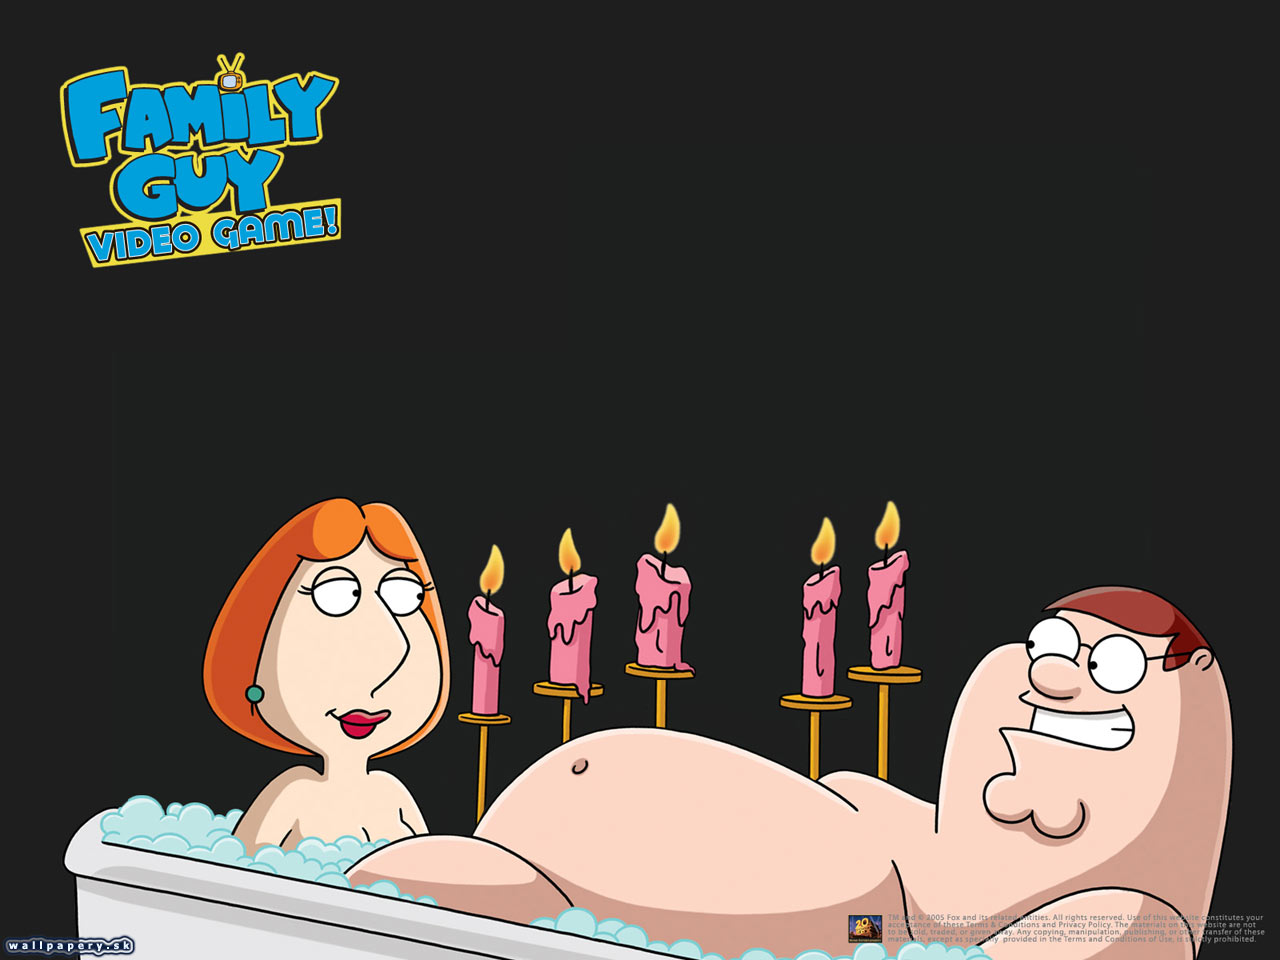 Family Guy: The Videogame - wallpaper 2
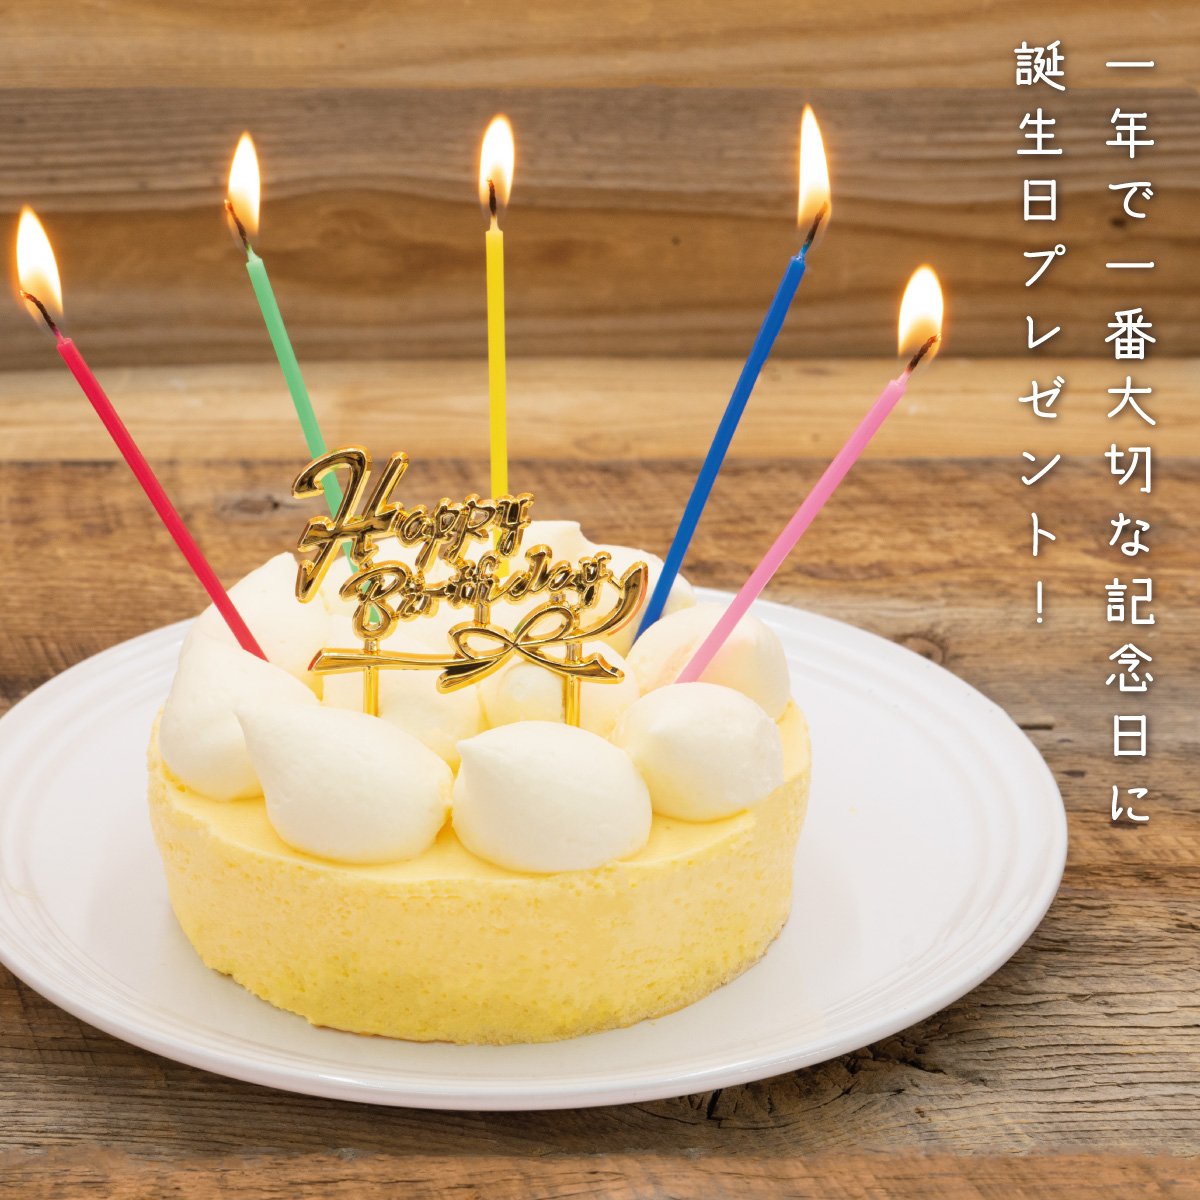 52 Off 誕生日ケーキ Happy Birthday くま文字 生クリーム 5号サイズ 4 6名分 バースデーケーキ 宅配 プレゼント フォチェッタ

---

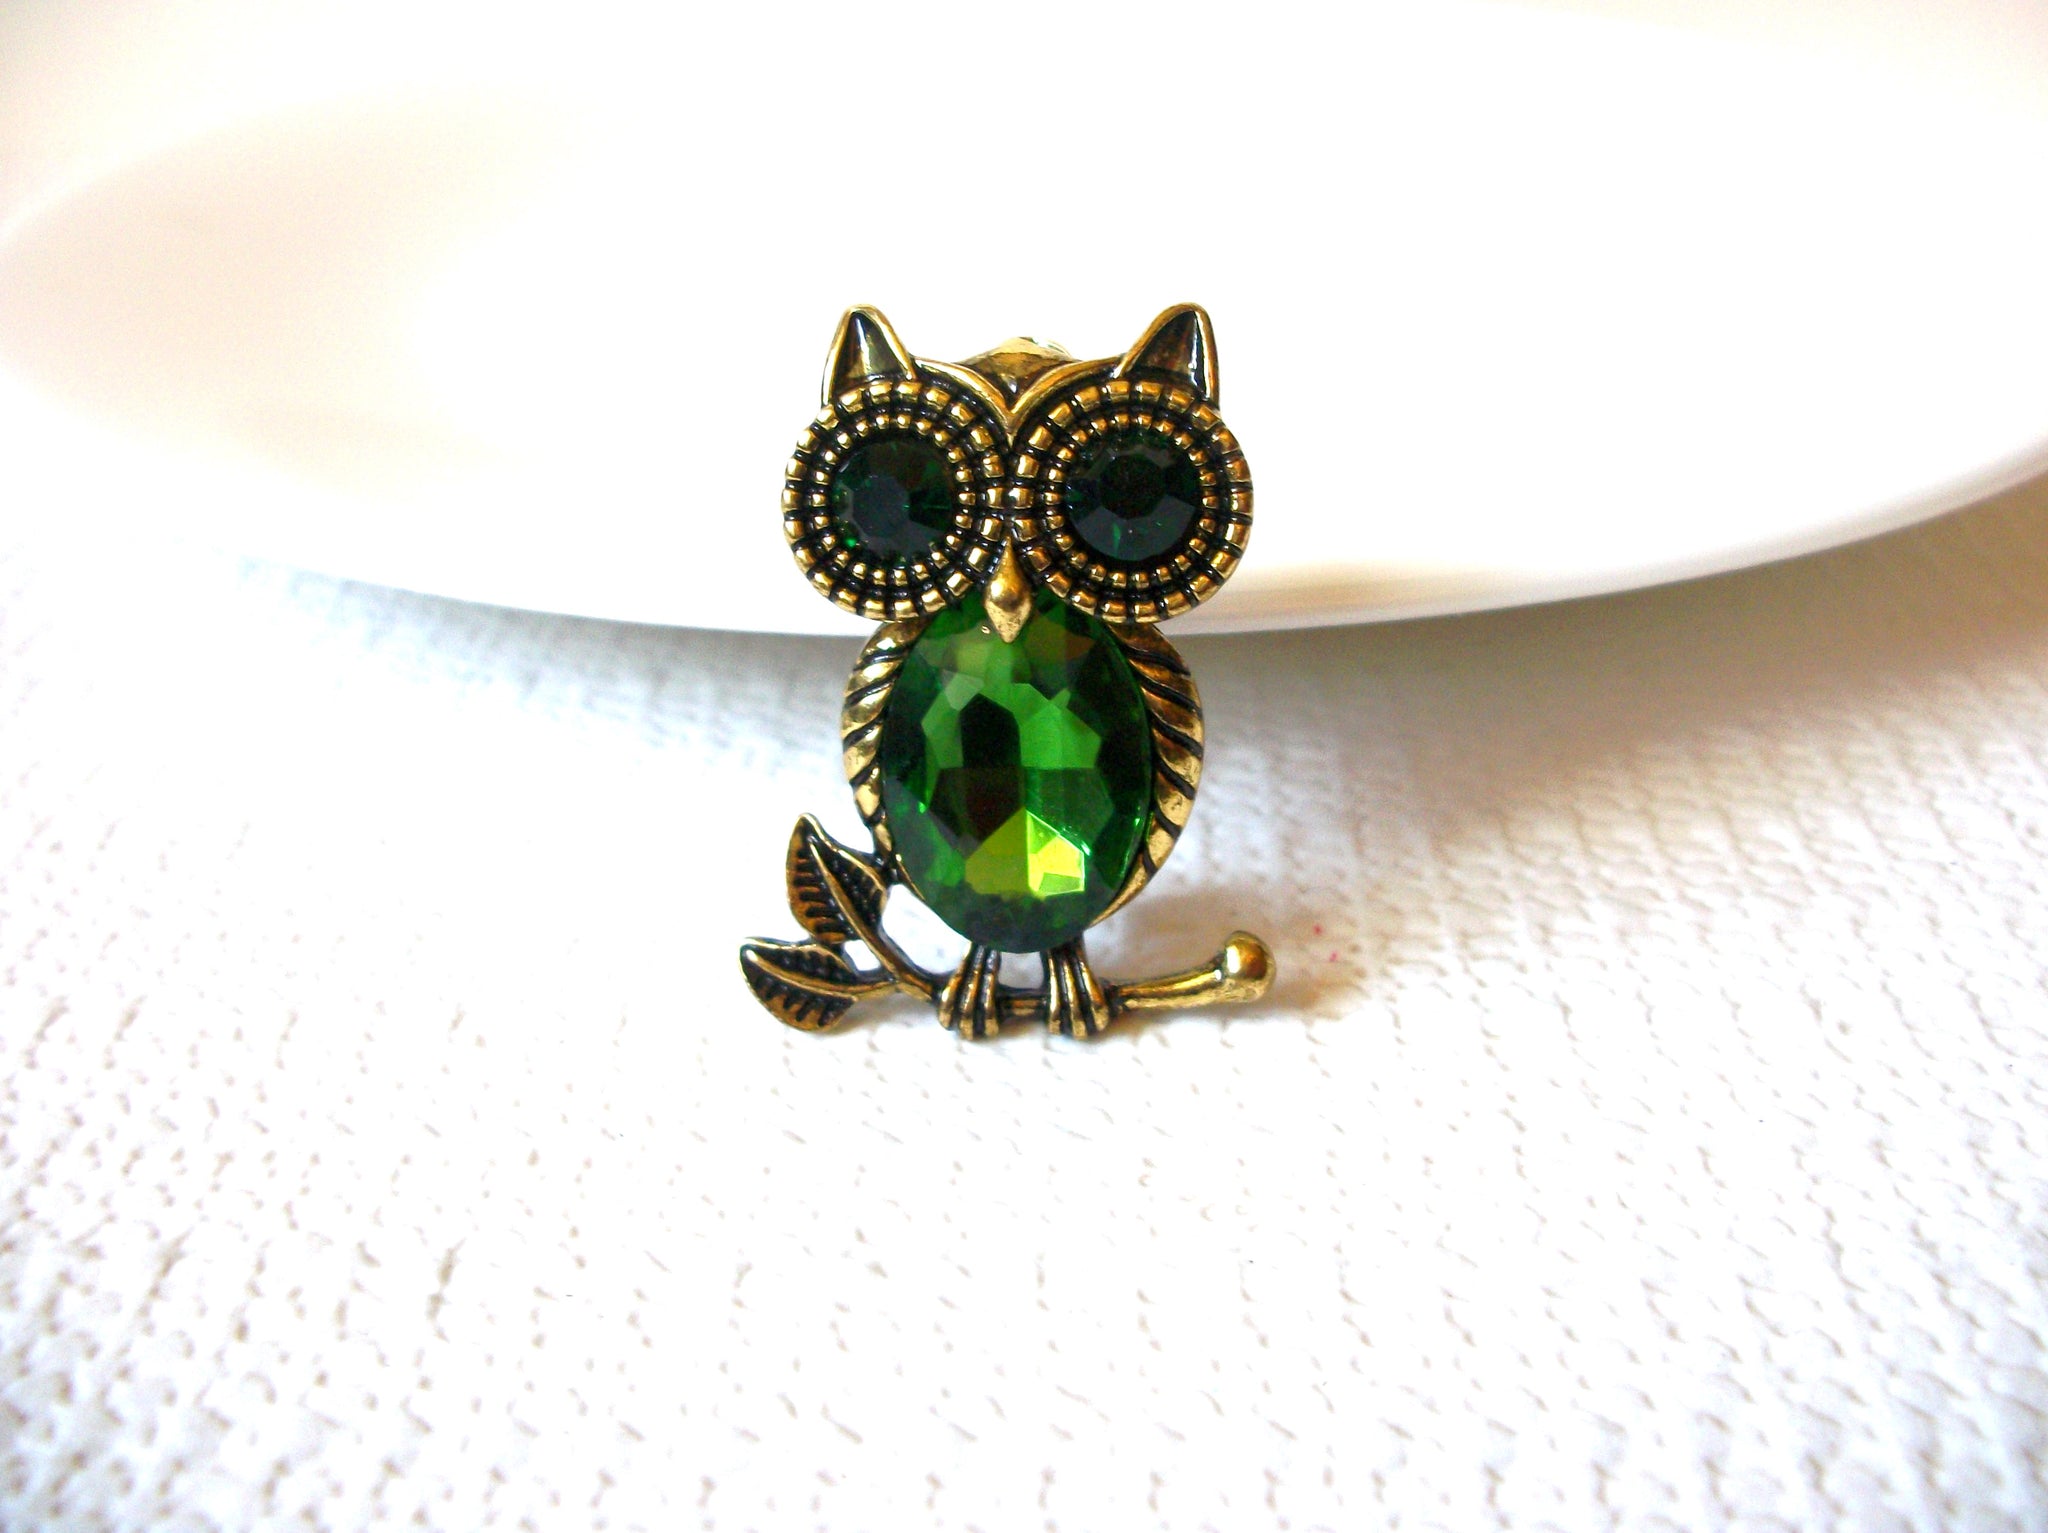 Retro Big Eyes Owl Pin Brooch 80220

## Exercise objective
With the pictures omitted, restate word for word the lines above from the line that has "Family Guy: The Videogame - wallpaper 2" up to and including the line that has "52 Off 誕生日ケーキ", and no other lines.

## Solution for this exercise
 Family Guy: The Videogame - wallpaper 2
 52 Off 誕生日ケーキ Happy Birthday くま文字 生クリーム 5号サイズ 4 6名分 バースデーケーキ 宅配 プレゼント フォチェッタ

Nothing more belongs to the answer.